# Clearing Supers of Bees



## wishthecuttlefish (Jun 24, 2003)

Whether using a professional bee blower, or a leaf blower, what is the process for blowing the bees out of a super? Do you simply set the super on it's side and let them have it? Or is it more complicated than that?

As far as leaf blowers go, I bought one recommended by Consumer Reports for $79.00 this past fall. It also reverses as a leaf vacuum, and has an infinate variable speed dial, not just a couple settings.

Kai


----------



## Oxankle (Jan 8, 2004)

Blowing Bees:

There must be some pros here to tell us how, but all I do is stand the super on its end, preferably on a hive about two feet high. I then blow between each frame with an up and down motion, next across the ends of the bars. This always leaves a few bees hiding in, on or around end bars and the bottom side of top bars, so I turn the super around and blow from the bottom for just a second or so, spin it again and finish the job. The bees do not even get excited--to them it is just bad weather. They pick themselve up and fly back to the hive. 

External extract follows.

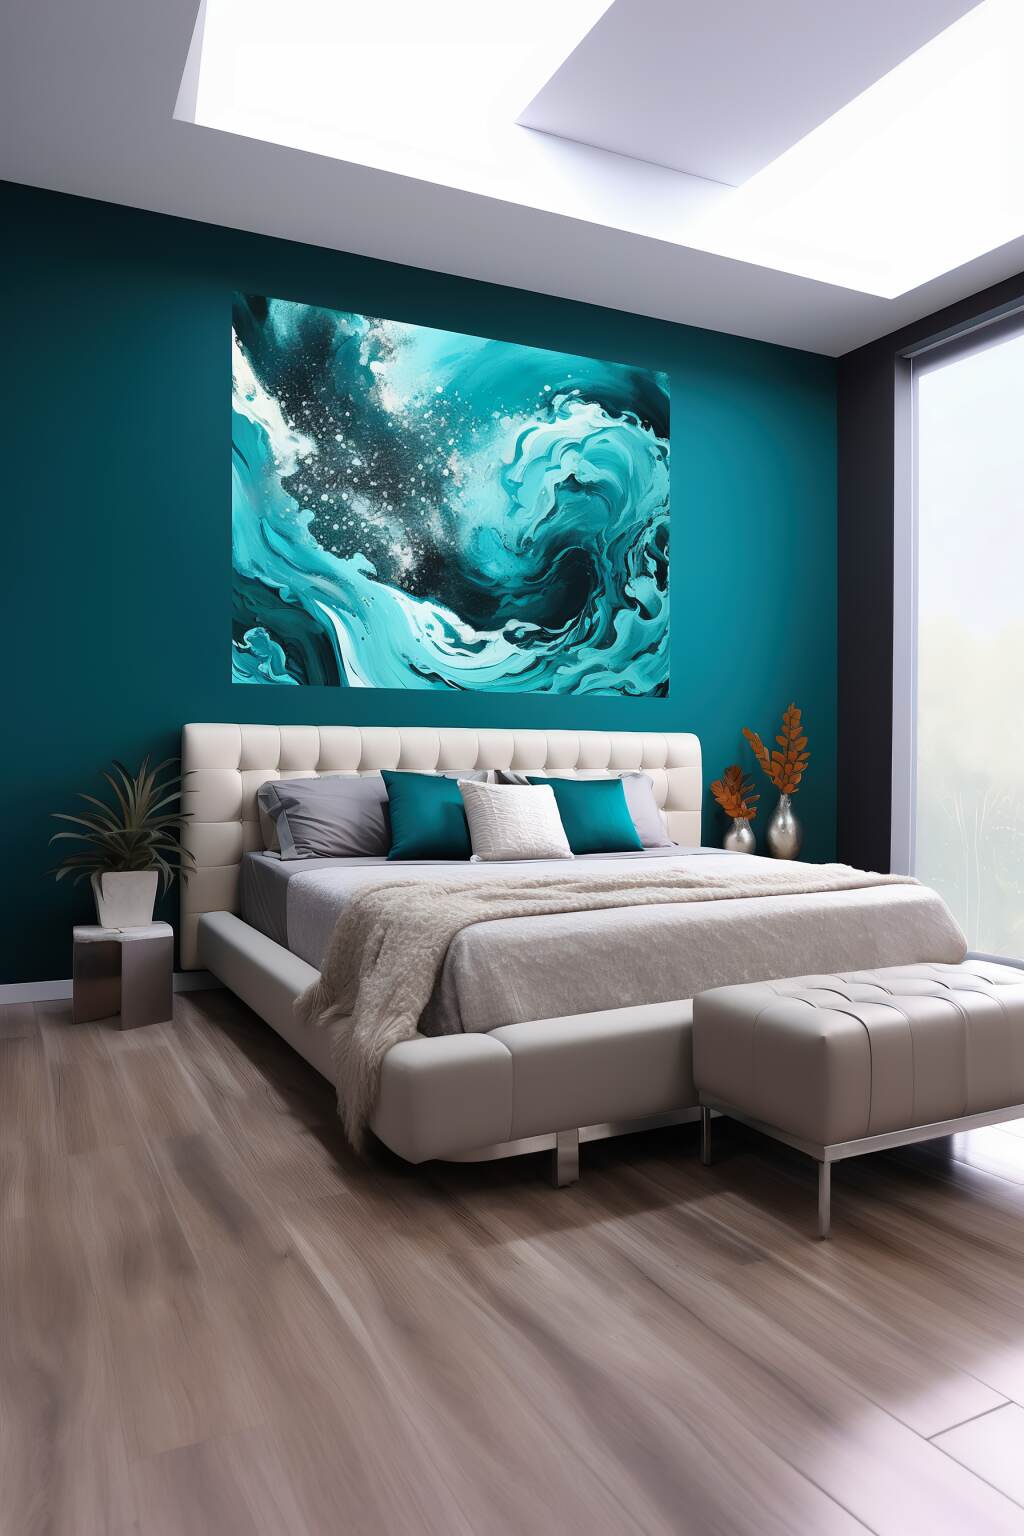 Artistic Teal Bedroom

I am sure that there is someone out there who can tell us of other manipulations that can be done with the blower, but I don't know any of them and have not wanted to experiment with the few hives I have. 
Ox


----------



## Oxankle (Jan 8, 2004)

Blowing Bees:

There must be some pros here to tell us how, but all I do is stand the super on its end, preferably on a hive about two feet high. I then blow between each frame with an up and down motion, next across the ends of the bars. This always leaves a few bees hiding in, on or around end bars and the bottom side of top bars, so I turn the super around and blow from the bottom for just a second or so, spin it again and finish the job. The bees do not even get excited--to them it is just bad weather. They pick themselve up and fly back to the hive. 

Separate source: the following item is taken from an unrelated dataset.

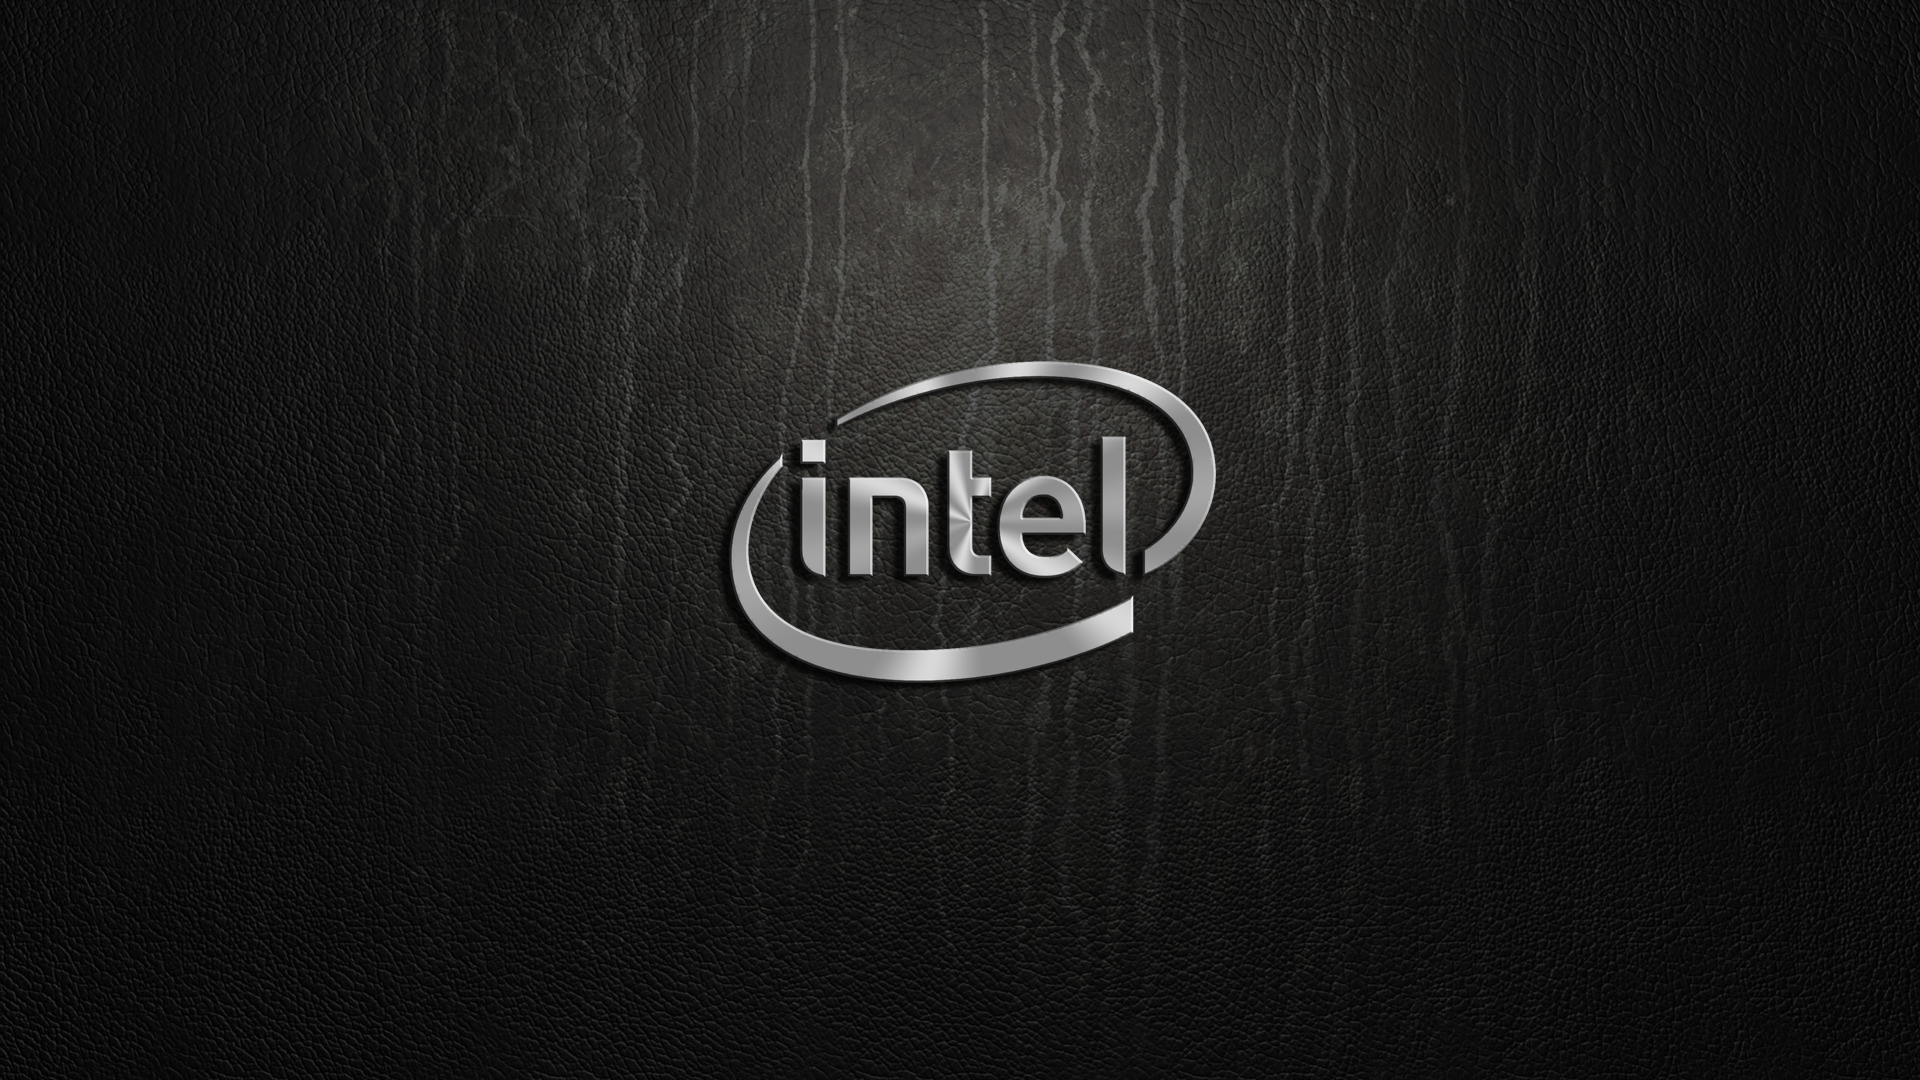 Intel HD Wallpaper. Background Imagex1080

I am sure that there is someone out there who can tell us of other manipulations that can be done with the blower, but I don't know any of them and have not wanted to experiment with the few hives I have. 
Ox


----------



## Oxankle (Jan 8, 2004)

sorry about the double post.
Ox


----------



## odfrank (May 13, 2002)

The only special maniulation I do.... on a very hot day I stick the blower nozzle into my beesuit zipper and get a cool blast of air. I also have over the years made several lazy susans on which to turn the on end super as I blow. The best is made from a stool with a heavy duty bearing. The thin ones from ACE hardware don't stand up to the weight of full supers being dropped on them. I also sometimes use an air compressor gun, but a gas leaf slower with hose and clevis nozzle works better. The blast from the air compressor nozzle is too concentrated and kill bees. Also, try to pull your honey before robbing season starts, less bees flying back in.


----------



## Guest (Feb 17, 2004)

If you wish to use a blower, you want a
high volume of air, but not a high velocity.
This is difficult to get from a blower that
has a small motor (anything under $200.00).

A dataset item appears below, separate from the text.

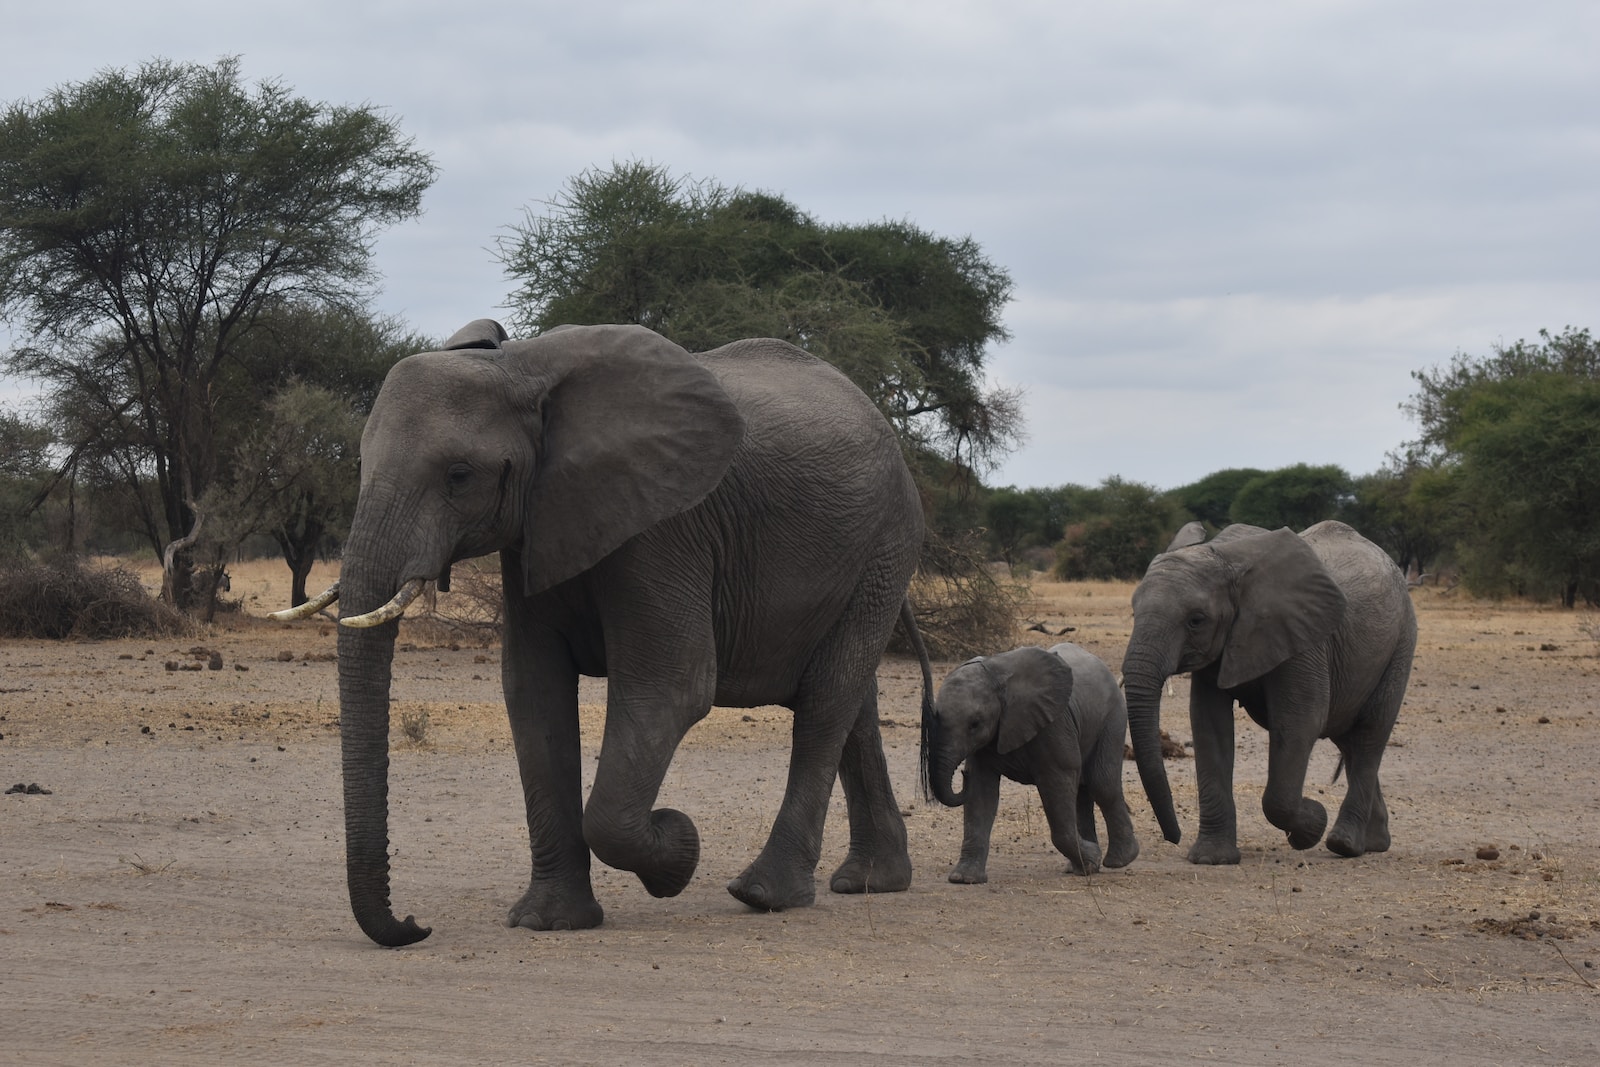 a group of elephants walk across a dirt road

Try spreading a painter's drop cloth
underfoot when you blow bees, and count the
dead bees. That alone halted my interest
in using a blower - too many casualties.
I'm a beeKEEPER, not a bee killer.

I bought a Stihl backback blower to fog my
orchard trees with dormant oil, and I have let several people use this "Rolls Royce 
of the bee blowers" to try to convince me 
that blowing was a viable approach. None
have yet convinced me.

Like nearly all of the big US beekeepers, I
use repellent, and a breeze board or, if it
is a sunny warm day, a fume board. I can
clear at least 3 times as many supers as
someone with a blower in the same time, but
this is because I cheat - I am removing one
super while two (or sometimes 3) breeze/fume
boards are on nearby hives, so the supers
come off just as fast as I can lift them and
stack them on the trailer.

Really big operators pull honey with 2-man
teams, each placing 3 or 4 fume or breeze
boards on hives, and pulling supers as fast
as they can. (Breeze Boards are now available from Brushy Mountain for those who
hate making their own gear - Steve Forest
calls them "Ventilator Fume Boards".)

If you feel that you MUST use a blower,
recall that comb slants downward, and
remember to blow only from the bottom.
Blow from the top, and any bee with its
head in a cell may be decapitated, and
will certainly be unable to back out of
the cell "against the wind".

Also, watch out for those frames that are
not filled and not propolized. They can
become airborne (at least with serious
hardware like a Stihl.) The frames that
are capped will not become airborne, but 
can have a habit of slapping together, and
crushing bees.

All in all, blowers are just too darned
noisy for me. I paid serious money to
live where I can go weeks without hearing
loud obnoxious noises, and I like the
peace and quiet of beekeeping.


----------



## Oxankle (Jan 8, 2004)

LOL, Fischer;
This is where you separate the amateurs from the pros. 

My tinkertoy blower would not decapitate a mosquito if he stuck his head in a box of razor blades, but it will blow bees out of supers. Neither does it dislodge or flap frames, but that is because I do not stick the nozzle directly against the box. 

Being an amateur and not making a living out of bees I don't feel the pressure of time the way a pro does. The blower is faster than anything I have ever used before, not having used fume boards. 

I am going to pay more attention--perhaps do the drop cloth test.

Ox


----------



## db_land (Aug 29, 2003)

Hey Ox,
What keeps the honey combs from being contaminated with gasoline-oil fumes from the leaf blower? I have an Echo backpack leaf blower. Every time I use it, I get grimy from all the smoke and fumes from it.


----------